Maladaptive couple processes are a core feature of couples in distress and are among the best predictors of marital decline (Gottman, Coan, Carrera, & Swanson, 1998; Lebow, Chambers, Christensen, & Johnson, 2012). The likelihood of therapeutic success is maximized when the therapist and the couple focus on this pathological dance, in which the emotional music generally matters more than the words.
The noted couple therapist and researcher Susan Johnson put it this way: “The novice therapist has to learn not to get lost in the pragmatic issues and the content of interactions, but to focus instead on the process of interaction, and how inner experience evolves in that interaction” (2008, p. 129). Virtually all experienced couple therapists agree (Nielsen, 2017a). According to this view, much couple behavior is an emergent property of individual interactions, where what emerges is more than the sum of the individual contributions.

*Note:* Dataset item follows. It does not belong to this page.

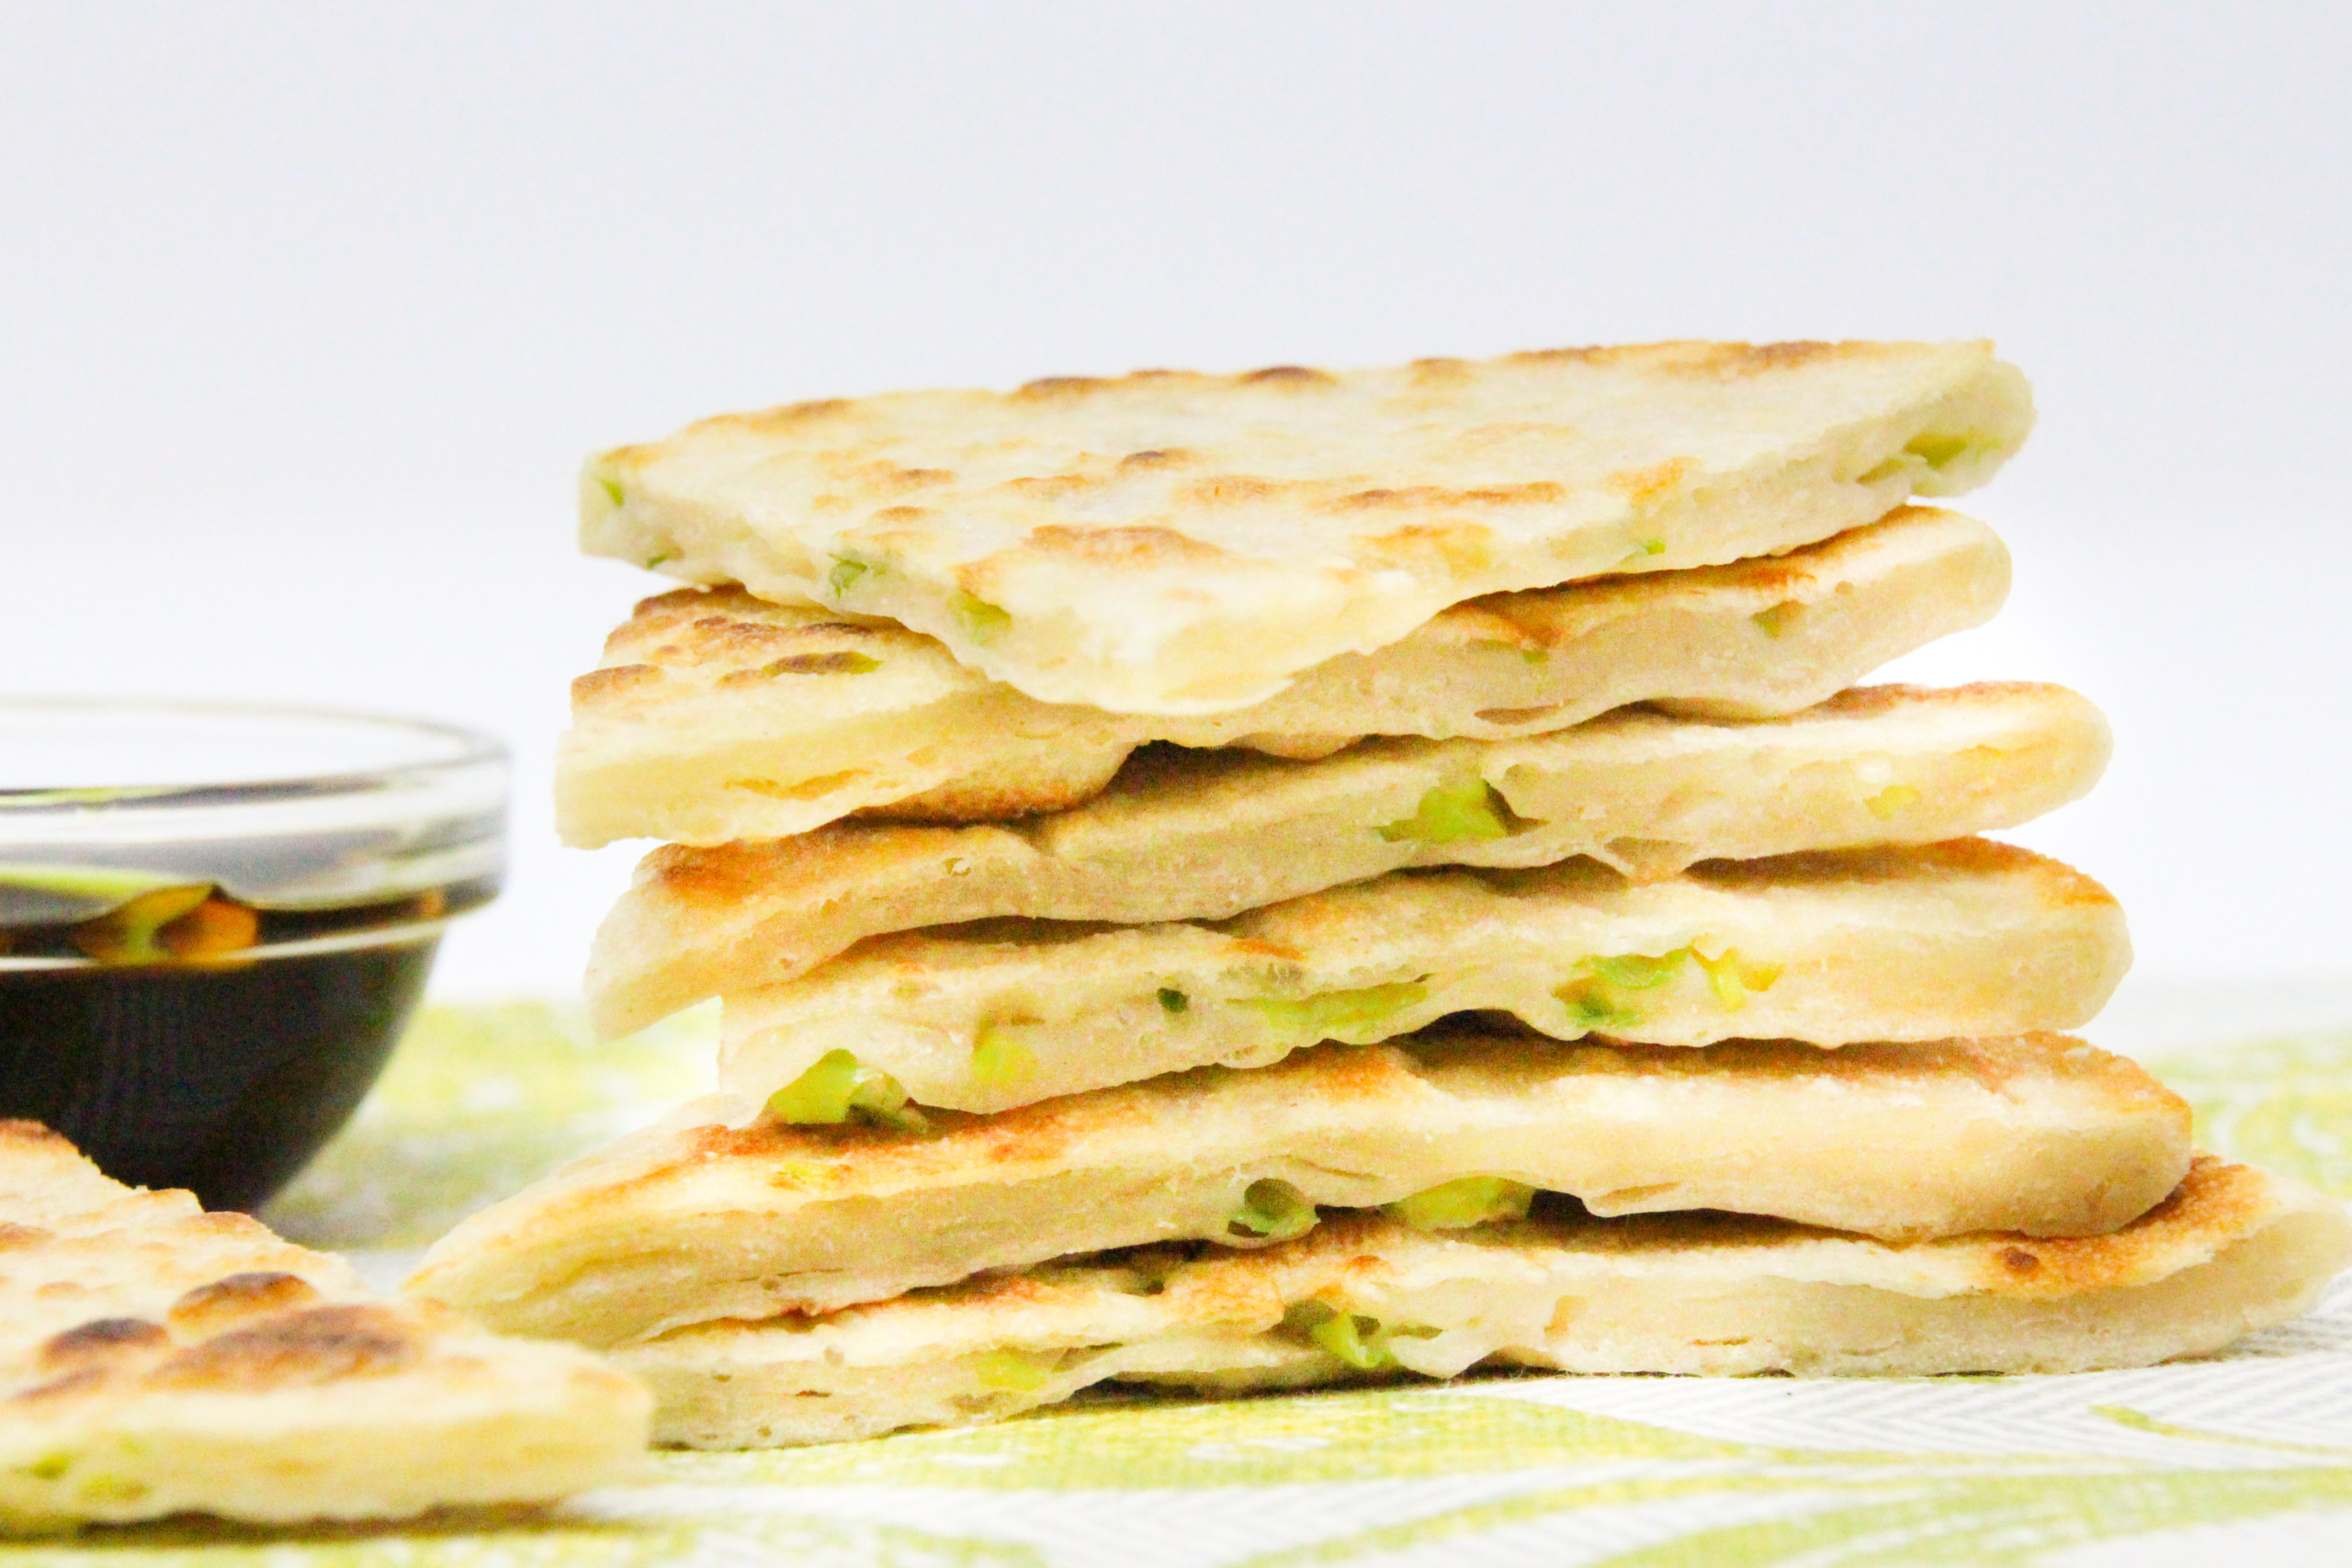 A few super simple ingredients and a hot skillet are all that's necessary to whip up delicious Scallion Pancakes. Recipe shared with permission granted by Jennifer J. Chow, author of HOT POT MURDER.

Over many years working with couples (Nielsen, 2016, 2017a, 2017b, 2019a), I’ve found that certain metaphors are effective and memorable in clarifying and normalizing the experience of couple distress. By likening events in therapy to other, more familiar, experiences, I am able to build an alliance in a setting that otherwise might seem distressingly foreign and threatening.
Metaphor: Lessons
Early in therapy, I often compare conjoint couple sessions to taking lessons in music, sports or dance. I say, “If you are learning piano, tennis, or ballroom dancing, it’s not sufficient for you to tell your teacher or coach what you do. He or she has to see you do it, in order to help you improve.” For this reason, having couples talk to each other while I observe and try to help is the starting point for repairing and strengthening their relationships. I refer to this as Couple Therapy 1.0.
After couples are talking to each other, the next crucial step is to focus on their maladaptive dance. All schools of couple therapy do this, though in different ways. The key is not to get bogged down in weekly discussions of “the problem du jour.” In most cases, problem solving will have to wait until the process improves.
While this focus makes logical sense to most clients, many have trouble with the idea that a “system” has “emergent properties” (here, destructive and amplifying ones) that can’t be blamed entirely on one person. The following metaphors can help clients grasp the systemic nature of their problems.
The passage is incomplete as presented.